Their best hits are cloned into plasmids to make cancer-specific promoters. These are then tested on a wide range of in vitro primary tumor lines with different genetic backgrounds and transcriptional profiles. Finally, they are tested in vivo using their own imaging platform to tell the difference between benign and malignant lung nodules.  

“We not only do this in the context of small animals such as mice, but more recently we’ve been using pigs and companion animal dogs through veterinary oncology clinics,” said Suhy. “The rationale is that if we can scale into a pig with a fully functional immune system, that’s a lot easier going from a pig into a human than from a mouse into a human on top of that.”  

Suhy said that they’re able to pick up signal from relatively small numbers of cells, with somewhere around 62,000 cells being sufficient. Depending on the tumor, Stage I cancer falls into the ballpark of 10 mm in diameter.
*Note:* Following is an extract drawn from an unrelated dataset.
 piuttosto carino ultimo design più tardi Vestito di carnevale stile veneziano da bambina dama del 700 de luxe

For breast cancer, tumors of 10 mm, 5 mm, and 1 mm have about 100 million, 10 million, and 100,000 cells, respectively.  
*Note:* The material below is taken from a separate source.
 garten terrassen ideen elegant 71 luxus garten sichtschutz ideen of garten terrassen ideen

The next steps for Earli include expanding the platform to other cancer models and indications and leveraging this to explore more complex response elements that use combinations of transcription factors and natural spacing. 

“It will never be a pan-cancer screen or multi-cancer sort of screen,” said Suhy. “We limit the diagnostic portion of what we do, and even the therapeutic portion, because the specificity of the promoters is too hard to do at a very broad level. We’re not claiming that we’re going to develop a therapeutic that will cure every cancer.”  

Earli is also thinking through how to properly design epitopes without setting off signaling cascades and potentially even triggering more cancer. To do so, most of the epitopes, which are membrane-bound proteins, are inactivated. If the protein has a signal transduction tail, they mute it but leave the epitope untouched.  

It’s personal

Suhy said that Earli is still working out the kinks of their diagnostic platform and is finalizing work on their clinical candidate. The goal is to begin regulatory meetings with the FDA in the next 18 months, with the expectation of making it into clinical trials at the end of 2025. 

“We’ve largely been in stealth mode for the last few years, but we feel confident now with our intellectual property, which is now starting to be granted, and with the capital raisings that we’ve been able to do, [that] now is sort of the time to start releasing some of the data and some of the details,” said Suhy. 

Suhy said that the company, while only 30 people, is devoted to cancer. They continue the fight that Sam is no longer physically a part of. 

“Sam lost his son two years before we founded the company,” said Suhy. “Two years after we founded the company, Sam died of cancer himself. His wife [Aruna] just passed away of cancer [in November 2023]. For us, it’s personal.”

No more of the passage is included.